Too often, best practices are effective in an idealized environment. Apply them to real work with real humans and the holes and assumptions become clear pretty quickly. People are a messy, unpredictable bunch. Economic conditions change. Bosses cut investments and shift priorities.
That’s not to mention that best practices are highly contextual and focused on past results. What works for one company in its culture and circumstances is a disaster waiting to happen in another. By the time you’ve collected, analyzed and determined a best practice that might just possibly work for you, business has moved on.
I heard an executive from GE, often pointed to as the pioneer of modern corporate leadership development, say at a recent conference that his company is completely rethinking how they train workers and turning management development inside out. That tells me things are changing too fast for learning and development as usual.
That’s not to say that best practices and its close cousin, benchmarking, are pointless. They’re a valuable way to get the pulse of the industry and spark ideas. But it’s simply not enough. In today’s business environment, there are no best practices. There are just practices.

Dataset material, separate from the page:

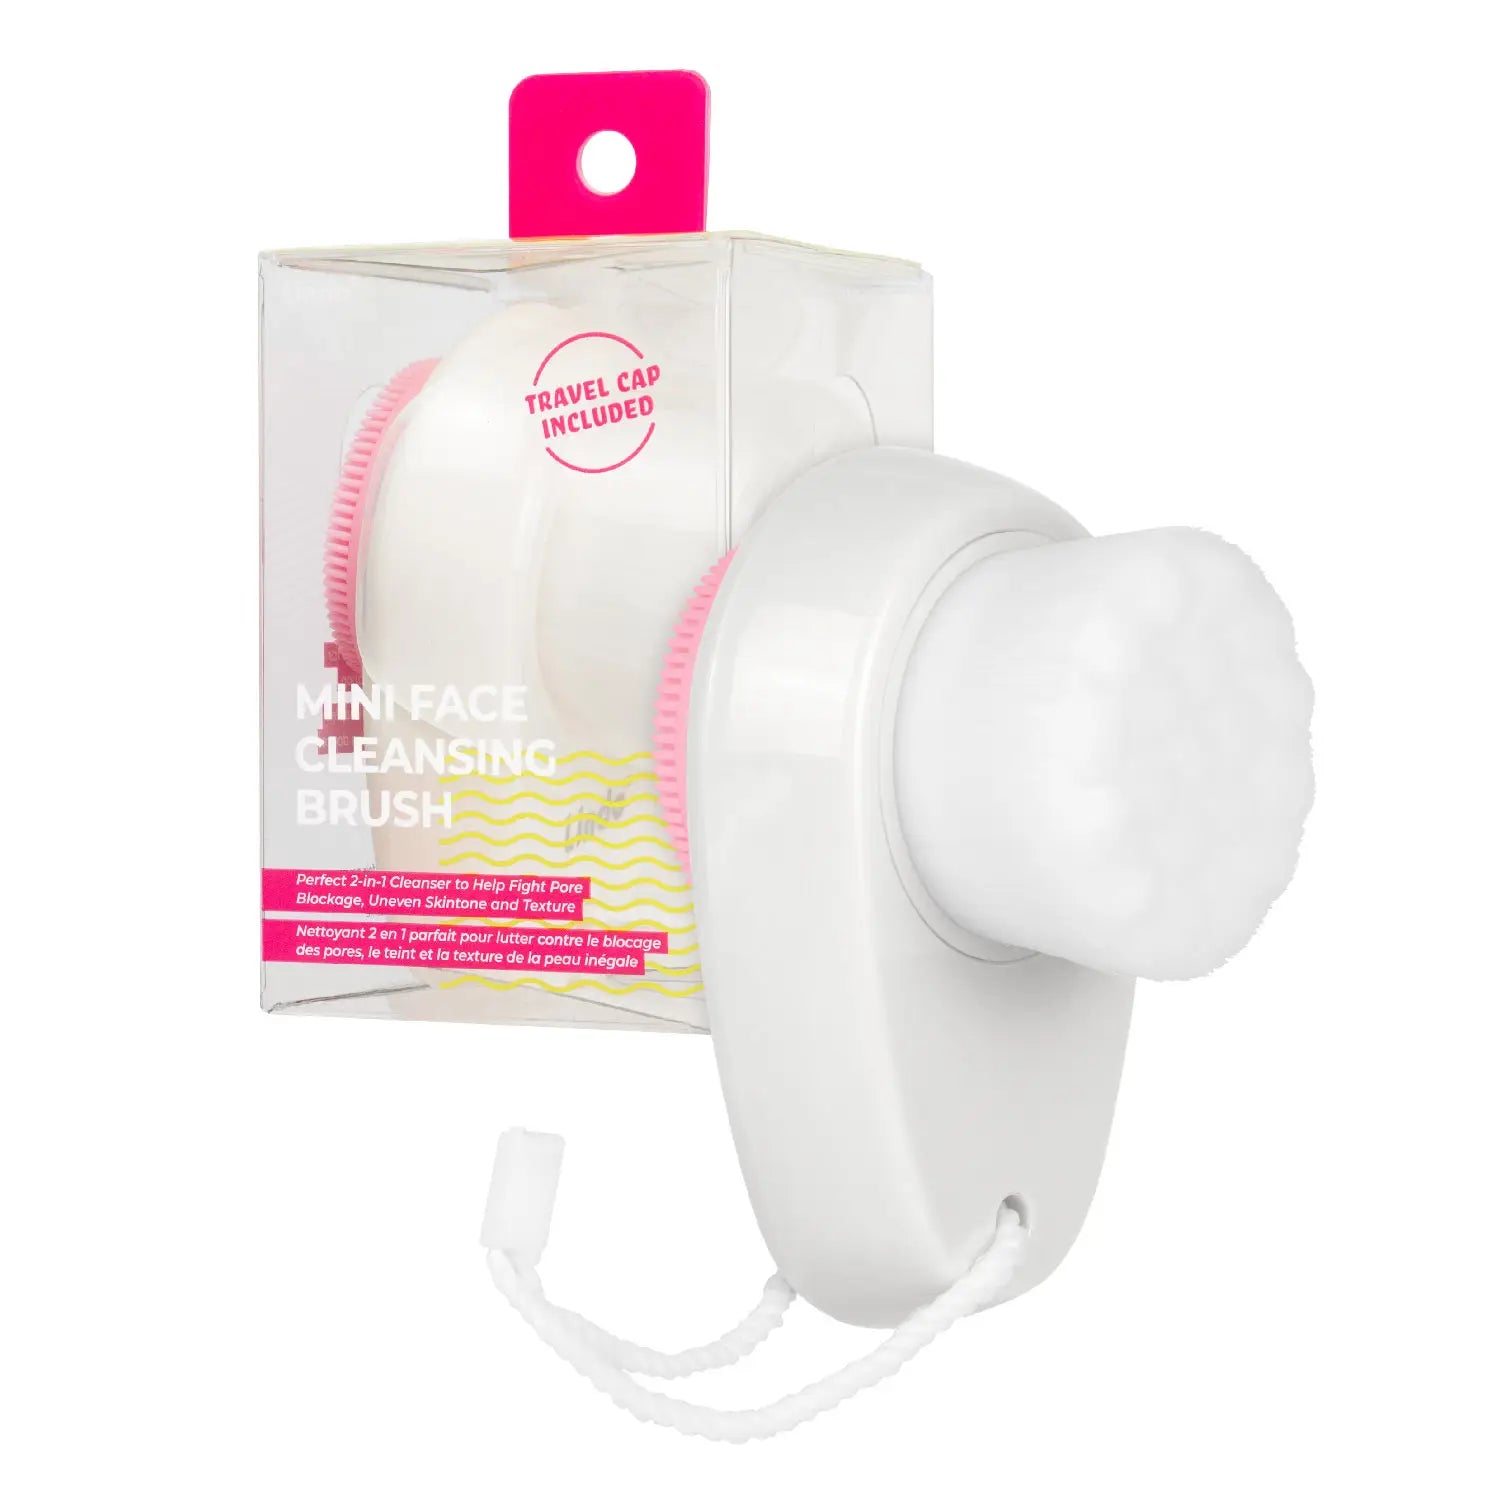 Mini Face Cleansing Brush – Elladees Boutique at Dear Yesteryear

Practices constantly evolve in response to the circumstances and the market. They respond to the makeup of the workforce and move in sync with the supply and demand of the talent economy.
What’s more, practices are informed by history, not defined by it. Don’t ignore the wisdom of the 70/20/10 model because of me. Most learning still happens outside the traditional classroom. But realizing that reality — and continually repeating it for the last couple of decades — isn’t getting us anywhere. The history of the learning profession is a starting point, not the end of it.
Consider learning in practice — the focus of this issue of CLO — as a way to accelerate that movement. On one level, Learning In Practice is the name of Chief Learning Officer’s annual awards program. For 13 years, we’ve recognized excellence in learning and development as it’s applied in companies large and small across the world.
But it’s more than just recognition. This issue is about learning in practice in its truest sense. It’s through the practice of what these individuals and companies do — developing programs, deploying technologies and experimenting with techniques and approaches to drive greater workforce performance — that we all learn.
These award winners certainly deploy best practices. But that’s a side effect of what they’re doing: continually experimenting, refining and tailoring learning to their organization’s unique needs.
Perhaps most importantly they’re willing to share their stories. Learning in practice happens within a community of practice — a group of like-minded, forward thinkers dedicated to advancing their companies and the industry.
Adri Maisonet-Morales, the 2016 CLO of the Year, is a prime example. A veteran of operations at Blue Cross and Blue Shield of North Carolina, she took the reins of learning and development leadership in 2008. To her and her team, the company’s ever-changing regulatory landscape, regional focus and comparatively small workforce of 5,000 are no limitations. In fact, they’re a spur to innovation.
An active leader in the learning community, her leadership and willingness to share is a just one testament to learning in practice in its truest sense.
Mike Prokopeak is editor in chief of Chief Learning Officer.